My last post mentioned the new World War I memorial in DC, due to be unveiled next month. I only found out about it yesterday, thanks to this brilliant interview that Russ Roberts had with the memorial’s creator, Sabin Howard. Highly recommended!

August 12, 2024

🍿 The Matrix (1999) was as over-the-top cool as I remembered it, though younger generations will now apparently use the word “cringe”. OK, zoomer.

The American Dream isn't dead, it's just not evenly distributed

I’m a fan of Chris Arnade’s newsletter, but the latest post about the (stalled) American Dream just didn’t sit right with me. He travels through the rural US (Wheeling WV, Belmont OH, Bristol TN) and, surprise surprise, finds only disillusioned people who think the Dream is dead. His takeaway is that:

We have an ugly, selfish, winner-take-all culture — devoid of community, meaning, and the majestic — and almost all our policy is built around the notion that individual liberty, with the most stuff at the cheapest price, is the ultimate good.

The article reads like a travelogue of a man shocked, just completely shocked, to find so much snow and little if any sunlight on his July trip to Antarctica. Now I can’t speak to the collective American “we” for I am a mere green card holder — and a recent one at that — but this has not been my experience living in the US these past dozen and some years. I can think of many (large, populous) parts of the the country where the most stuff at the cheapest price has not been deemed the ultimate good, where there is still a sense of community, and where things still can be majestic.

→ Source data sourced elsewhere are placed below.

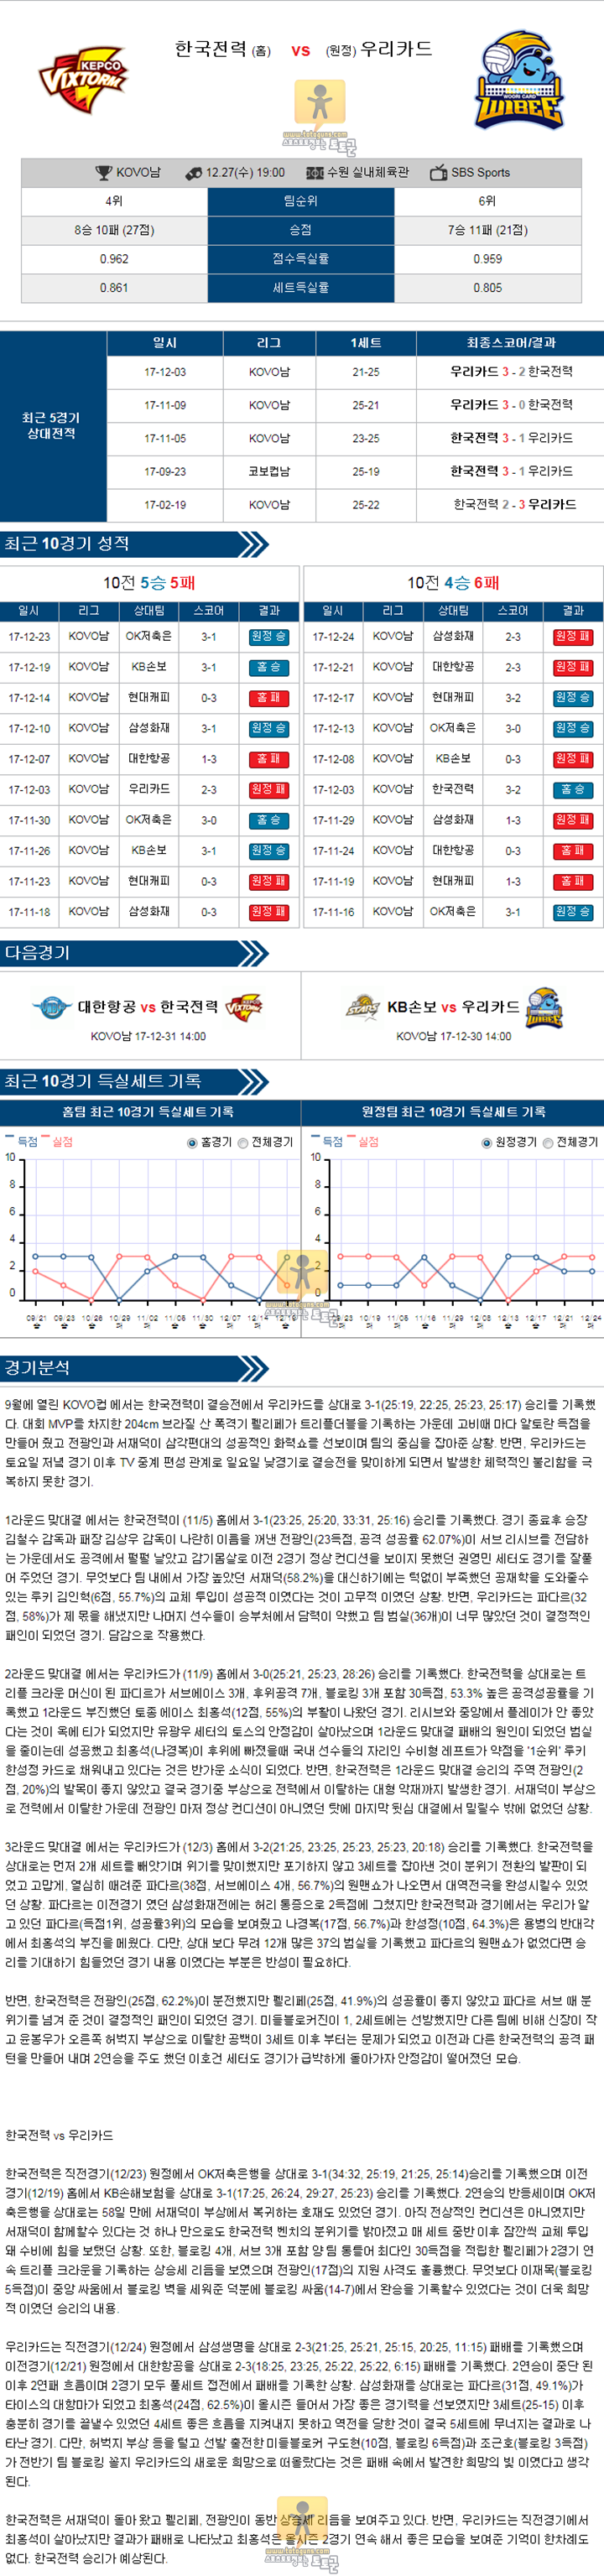 [KOVO] 12월 27일 19:00 남자프로배구분석 한국전력 vs 우리카드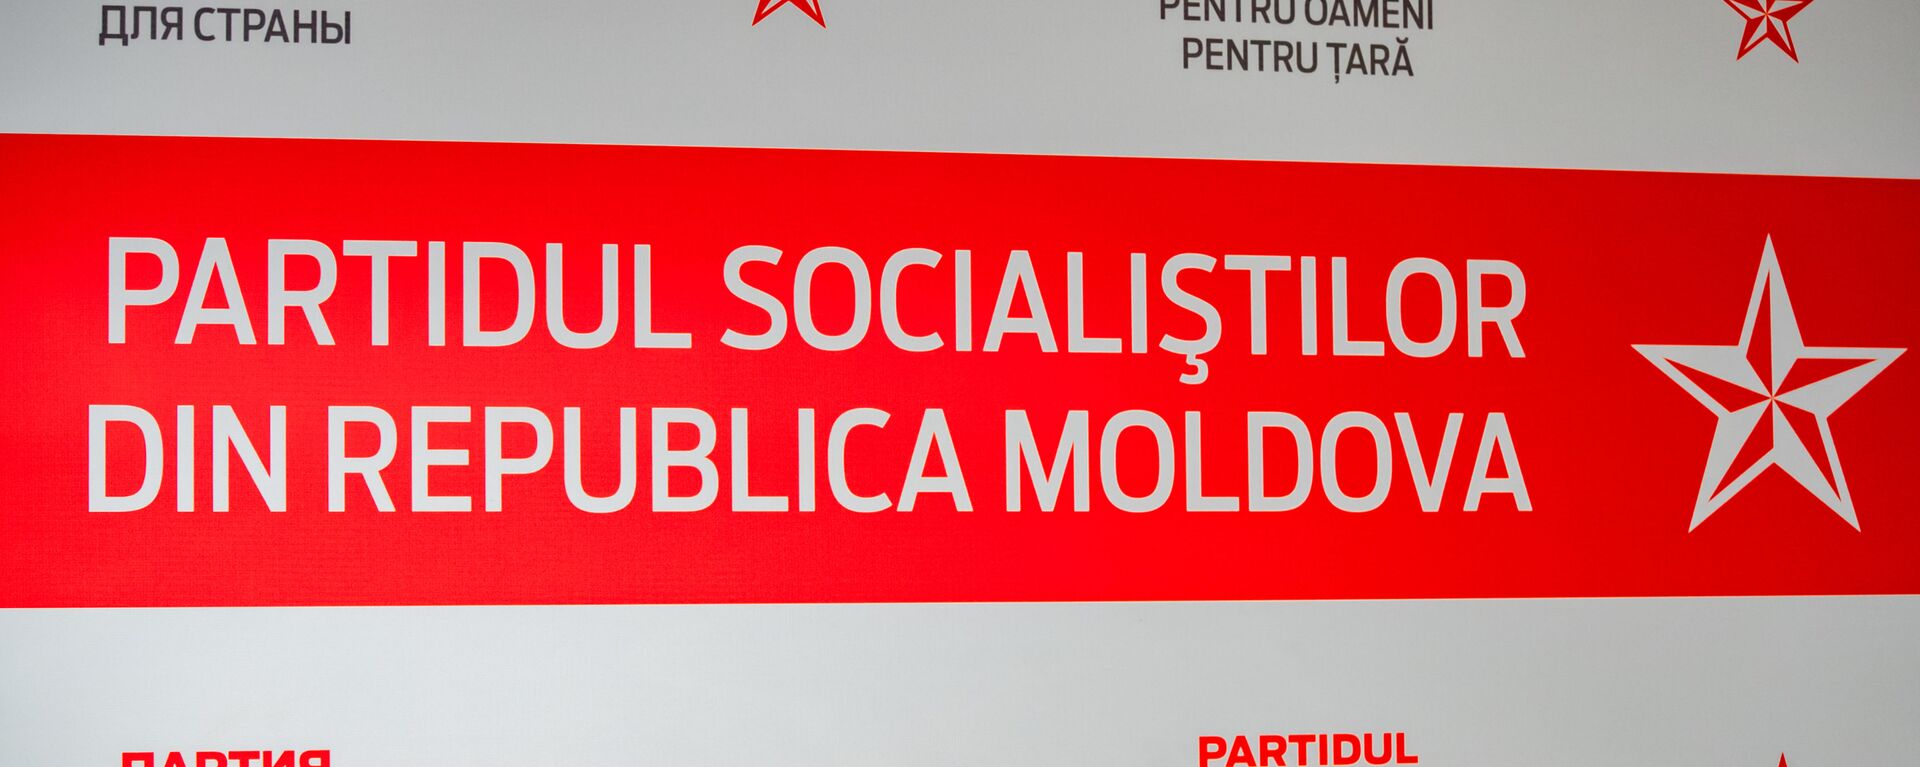 Partidul Socialiștilor din Republica Moldova - Sputnik Moldova, 1920, 05.04.2021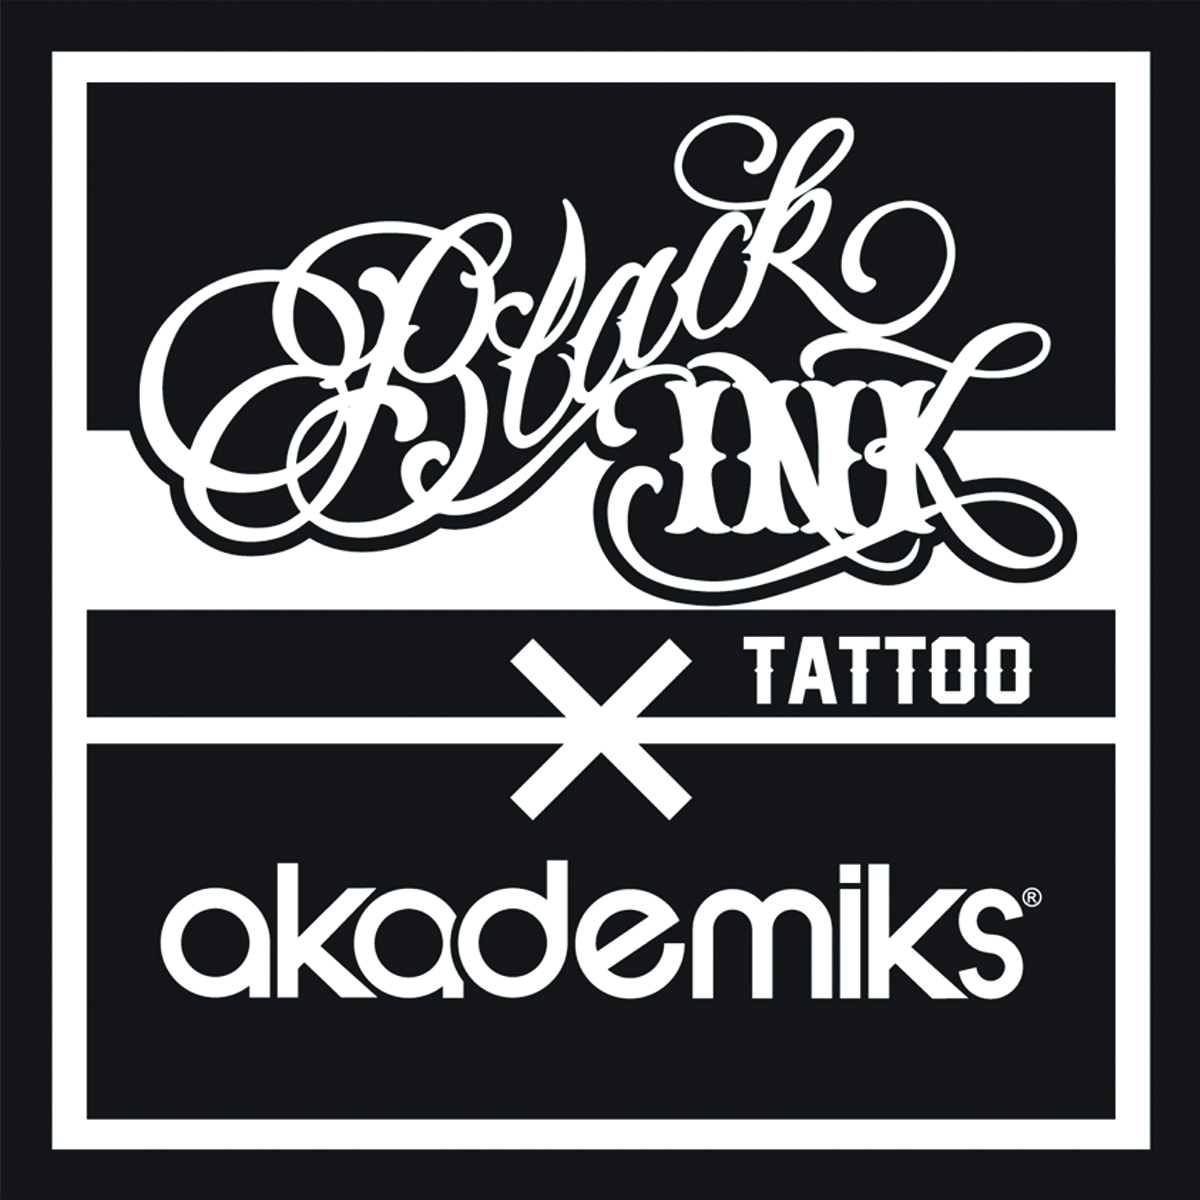 dutchess black ink tattoo shop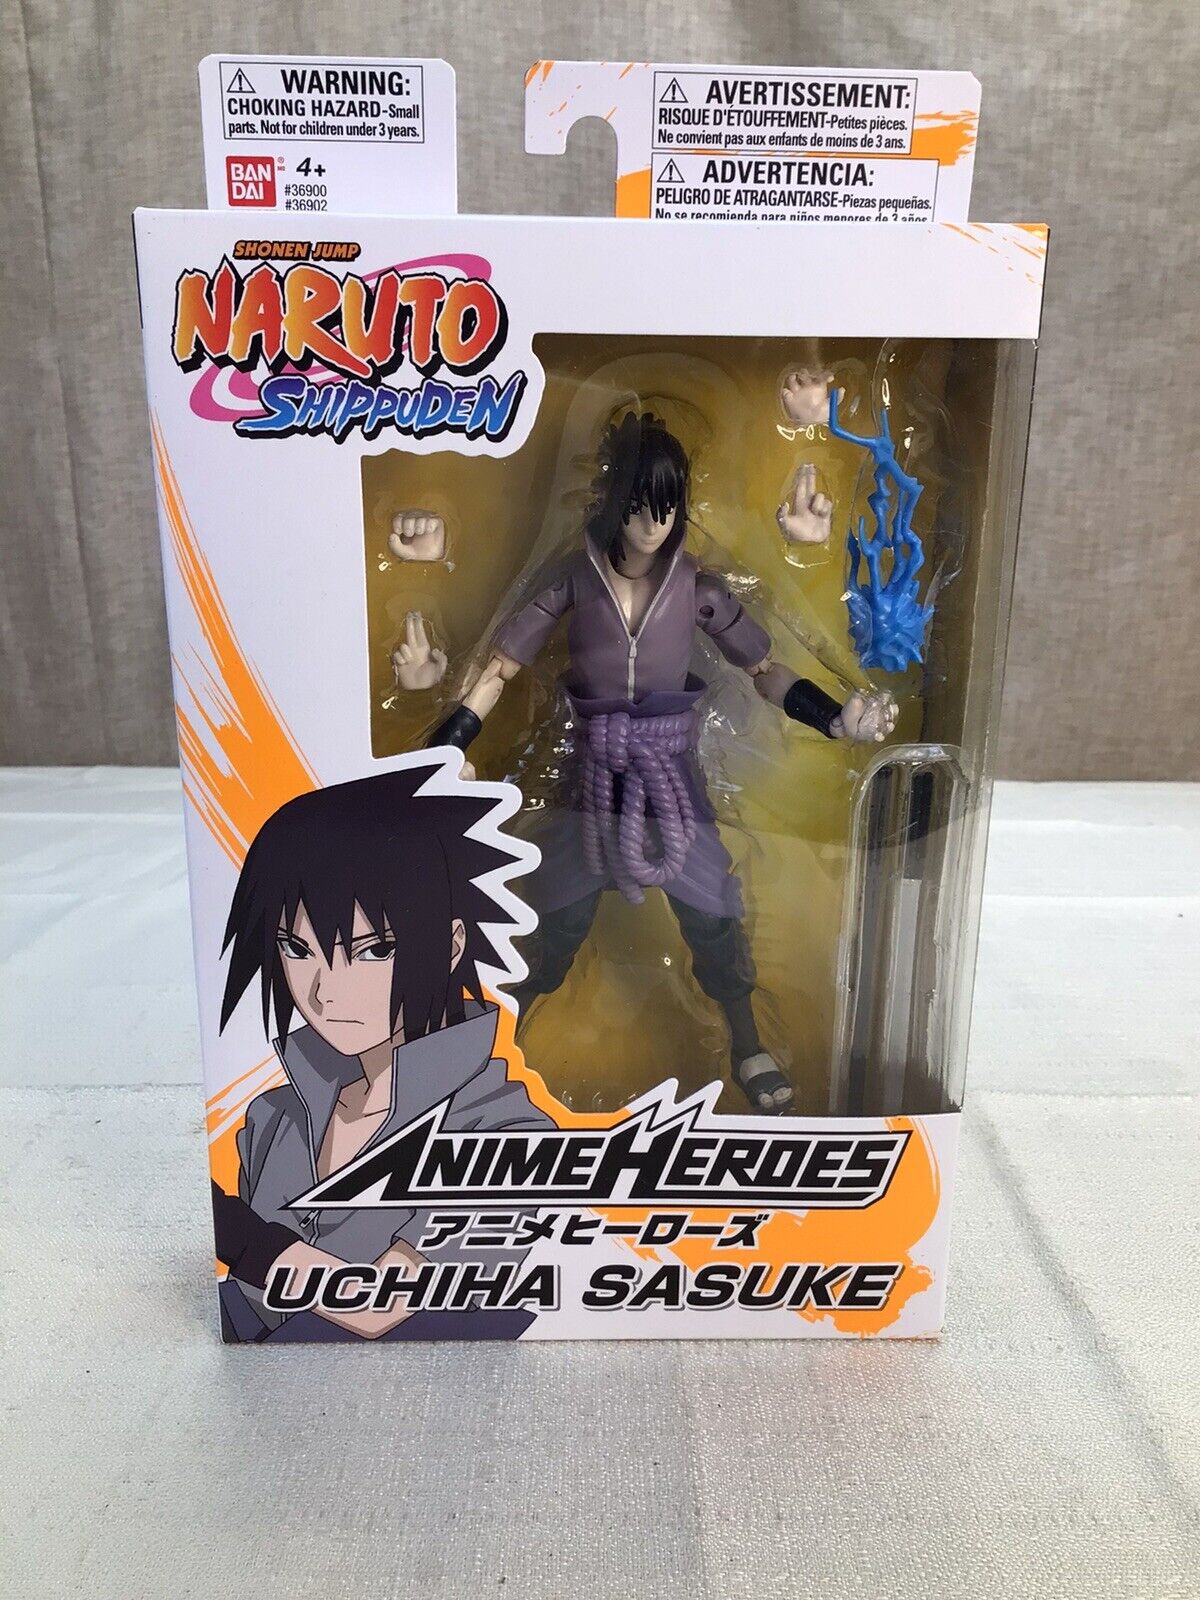 Naruto Shippuden Anime Heroes Uchiha Sasuke Action Figure New In Box

The cheapest-price mentality is a consequence of being poor, not its cause. If it still prevailed everywhere, how could we explain the rise of the farmers' market, of the local bookstore, of Etsy? If none of those had a presence in places that Arnade had visited, well, maybe it’s because they are not compatible with poverty whereas the Dollar General and other discount store chains are. And to be clear — there is nothing wrong with cheap-as-affordable (in contrast to cheep-as-poor-quality): Costco is, unironically, up there with the Internet and 1970s Hollywood as one of the non-material Wonders of the Modern World.

There is also community for those willing to look. Just yesterday I accompanied our rising second-grader to a playdate-slash-class reunion held at a community garden cared for and maintained by 20-some year-old volunteers who donate all the produce. In a few weeks the parents and the kids will meet up to for a neighborhood cleanup. At the tween’s middle school we’ve collected money so that all the classmate can go to the annual field trip, and we’ll be doing the same this year. Our ANC meetings are well-attended, if occasionally contentious, and I consider myself an introvert living in one of the less communal neighborhoods in the city.

I also can’t wrap my head around the accusation that the United States are no longer aiming for the majestic. The new World War I memorial seems like it will be majestic. On the other end of the spectrum, the Sphere certainly is. So is the Olympic medal count. And the most majestic of all is America’s awe-inspiring natural beauty, which it still protects more than most other countries.

But these things aren’t everywhere — you need to travel around to get to the place that’s the right fit for you. Most people Arnade encountered were wizened old souls with not much spirit left in the tank. This is the tradeoff: other places he recently visited, whether in Europe or Africa, were gentler to the people who stayed — because they are the majority! But that is not the American Dream, which promises a safe and comfortable life for those of hard work and determination. Next time Arnade is in the area, may I suggest he visit Pittsburgh and talk to anyone who’s left Wheeling, West Virginia? It is telling that the only person Arnade spoke to who still believed in the Dream was a recent transplant to the area, going from a horrible situation to a slightly less bad one. I can only hope she will continue the journey.

August 10, 2024

🍿 Inception (2010) was better and more coherent than I remembered. There have been so many variations on the theme since it came out that we’ve become accustomed to the mechanics — enough so that the plot now feels almost too simple for Nolan, but just perfect for an enjoyable movie.

August 9, 2024

🍿 Interstellar (2014) was enjoyable enough to watch with my tween daughter, even though it’s not great sci-fi. She liked it — it does feature a man flying into a black hole — but I stand by my original opinion.

August 8, 2024

Oliver Burkeman writes about what it means to be done for the day:

If you’re caring for a three-year-old, or stuck in meetings, from 9am to 2pm today, the fact that the annual departmental review “needs” completing by 3pm is irrelevant. It’s not going to get written. So maybe “done for the day” will have to mean jotting down a few preliminary ideas for it instead.

I had to find this out through trial and error over a few decades, but you don’t have to! He also has a new book out soon, available for pre-order.